Pensez : un homme qui prête de l’argent et fait payer un taux d’intérêt élevé
aux pauvres, un homme qui croit au talent entrepreneurial
de millions de personnes de condition modeste, un homme qui pense que le développement
économique va de bas en haut, et non de haut en bas, suggérant que les gouvernements
font plus de mal que de bien à leur peuple. Bref, un ultra-libéral de la pire
espèce. Avec Al Gore et le GIEC
tout rentre dans l’ordre, la pensée unique et le politiquement correct prennent
une revanche éclatante. L’unanimité
s’est faite en France : de Noël Mamère à Jean Louis
Borloo, de Nicolas Hulot à Nathalie Kosciusko-Morizet,
sur toutes les ondes radiophoniques, sur tous les écrans de télévision, l’harmonie
a été symphonique, l’éloge dithyrambique. Al
Gore et les Verts auraient-il besoin du soutien d’un modeste économiste libéral ?

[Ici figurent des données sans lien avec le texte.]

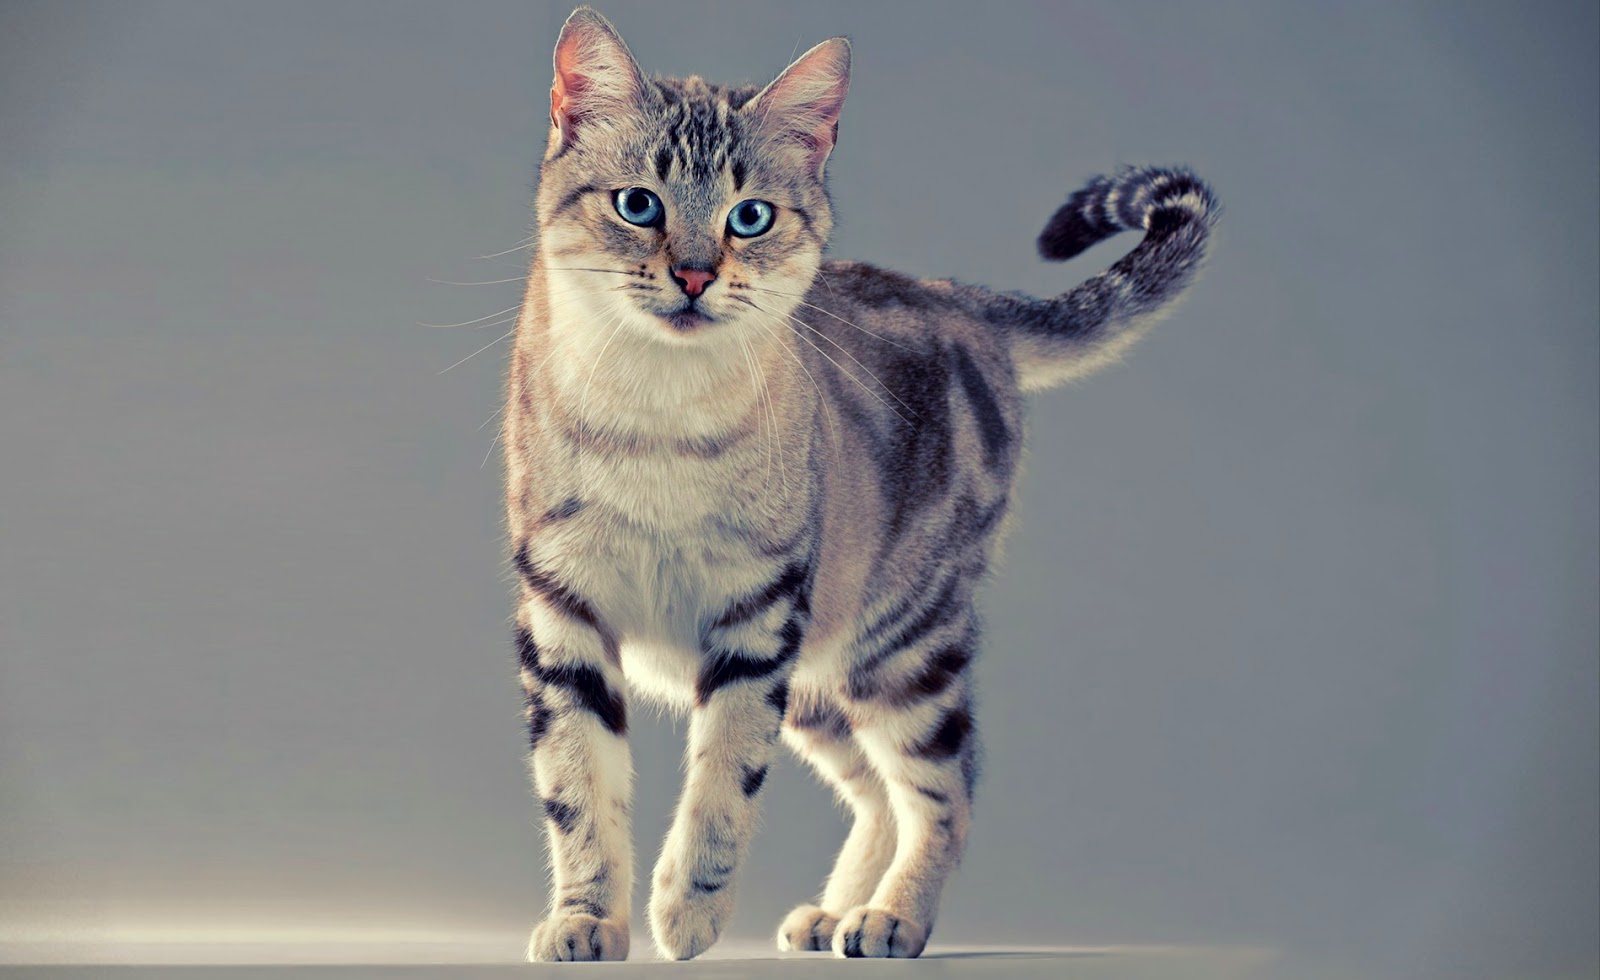  Gambar  Kucing  Imut  dan Lucu Kumpulan Gambar

J’ai stupidement mis en doute
les thèses que l’on dit aujourd’hui scientifiques sur le réchauffement de la planète,
la crise de l’énergie, le pillage des ressources naturelles, thèses qui débouchent
sur le néo-malthusianisme : halte à la croissance, halte à la mondialisation
capitaliste. Une croissance « qualitative » comme dit Monsieur Hulot
plutôt que « quantitative » : du Bonheur National Brut au lieu
du Produit National Brut (le club de Rome avait dit cela dès 1968). J’ai
stupidement soupçonné l’écologie politique d’être une forme nouvelle et affinée
du marxisme : la lutte des riches contre les pauvres continue, le capitalisme
jadis était cause de la misère ouvrière, aujourd’hui il détruit la planète. Je
n’avais pas compris ni le discours du précédent Président de la République Française
à Johannesburg nous prévenant qu’il y avait le feu à la maison Terre, et que notre
mère Gaïa n’était pas contente, ni le discours de notre nouveau Président à New
York appelant à un « New Deal écologique ». J’ai
donc certainement péché contre l’intelligence humaine, cette intelligence durable,
équitable, sociale et environnementale. Je tenais à m’en excuser auprès des nouveaux
Nobel, je vais voir le film d’Al Gore, et je serai sans
doute converti. Ce n’est pas
la Haute Cour de Londres qui m’en dissuadera. Ces stupides magistrats ont interdit
la diffusion du film dans les écoles britanniques au prétexte fallacieux qu’il
était émaillé d’erreurs scientifiques grossières – relevées aussi il est vrai
par quelque 70.000 scientifiques (dont Claude Allègre est le plus connu en France).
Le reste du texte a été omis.